The Singapore International Film Festival (SGIFF) (Chinese: 新加坡国际电影节) is the longest-running film festival in Singapore. Founded in 1987, the festival has a focus on showcasing international films and providing a global platform for the best of Singapore and Southeast Asian cinema. Over the decades, it has grown to become an important event in the Singapore arts calendar.

History
Originally launched to give local audiences an opportunity to watch independent and non-commercial films, the festival is now recognized worldwide by film critics for its focus on Asian filmmakers and promotion of Southeast Asian films.

SGIFF is committed to nurturing and championing homegrown talents, and to new discoveries in the art of filmmaking. Its festivities bring to this city a vibrant film culture and a deeper appreciation of its cinematic cultural life.

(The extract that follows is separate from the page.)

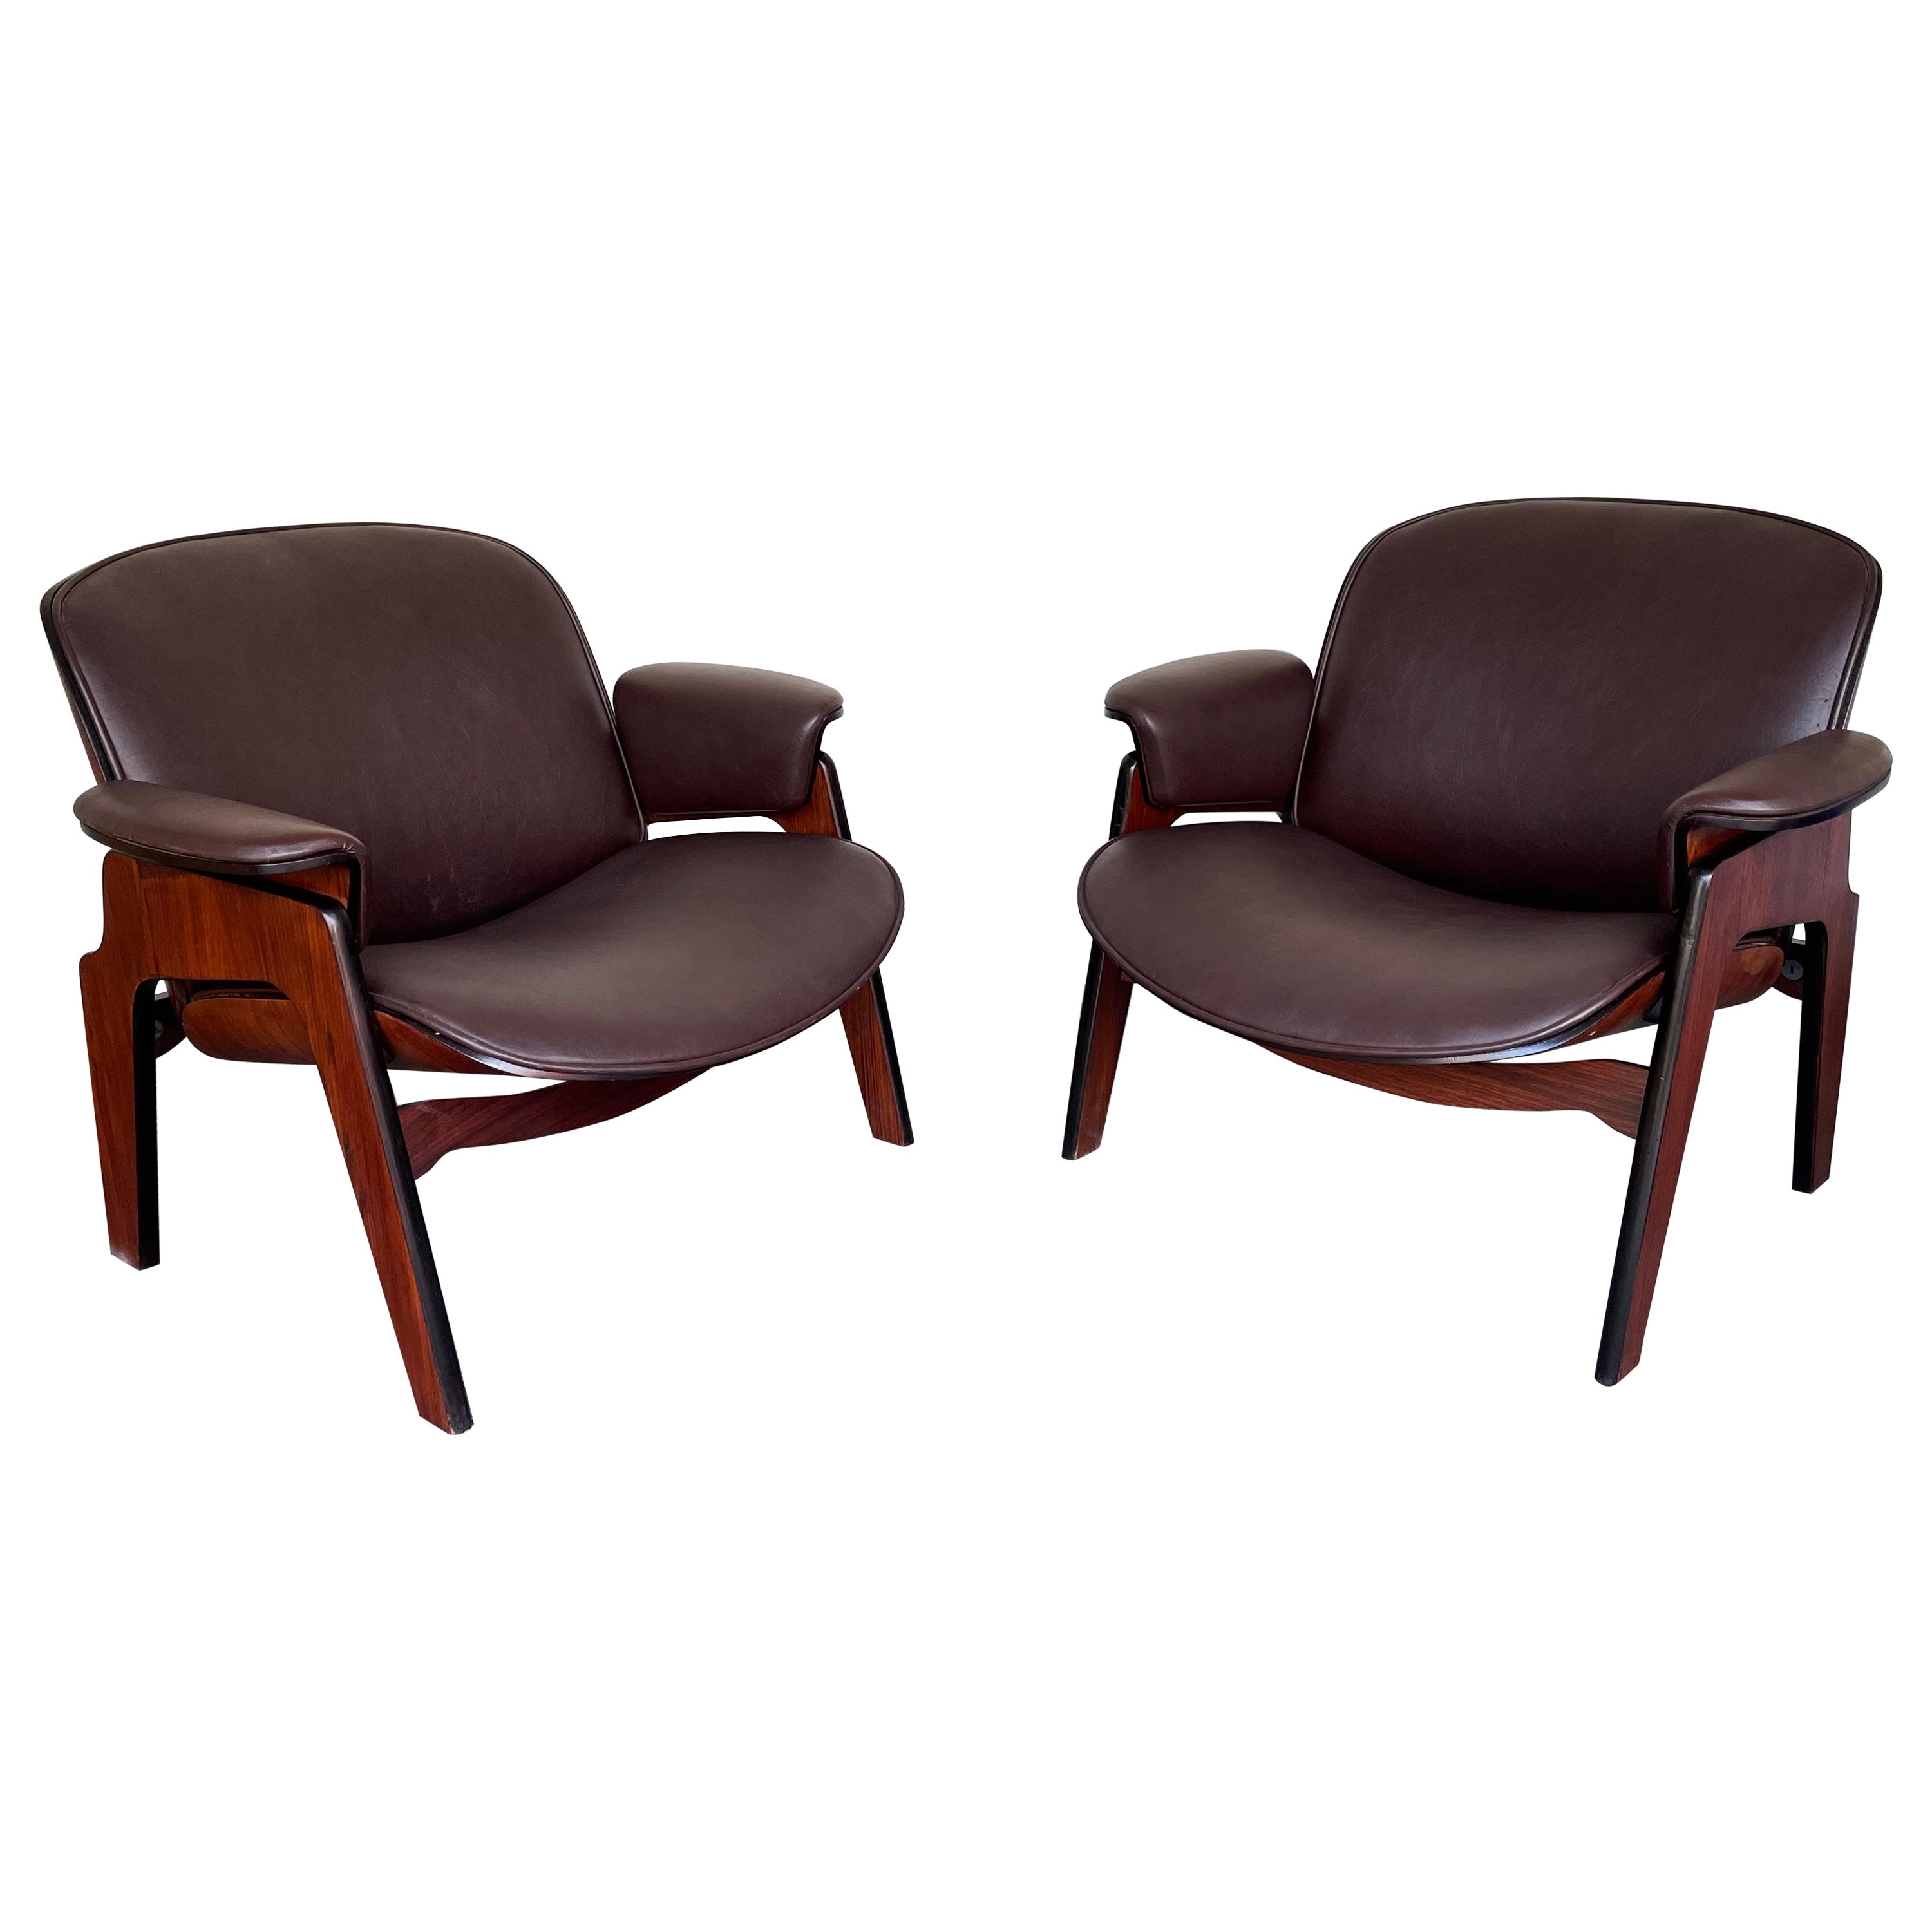 Pair of Wood Armchairs by Ico Parisi for MIM Roma, Italy, 1960s

The event serves as a catalyst to arouse the widest public interest in the arts, encouraging artistic dialogue and creative discovery. SGIFF is devoted to giving thousands of film lovers around the region direct access to the world’s most inspired films.

Featuring overseas and local artists in an eclectic array of world and Asian cinema, the event aims to open up new perspectives, make new connections and reach out to over 100,000 participants over an 11-day period. Audiences will enjoy a plethora of activities including film screenings, master classes, fringe events, discussions and awards ceremonies. The possibilities for creative interaction and the resulting exceptional synergies between the film market and other disciplines defines the Singapore International Film Festival.

Awards

The Singapore International Film Festival is credited for the discovery and promotion of the most renowned Singaporean filmmakers who are recognized globally today. Introduced in 1991, the Silver Screen Awards is an annual event that celebrates excellence in Singapore and Asian cinema.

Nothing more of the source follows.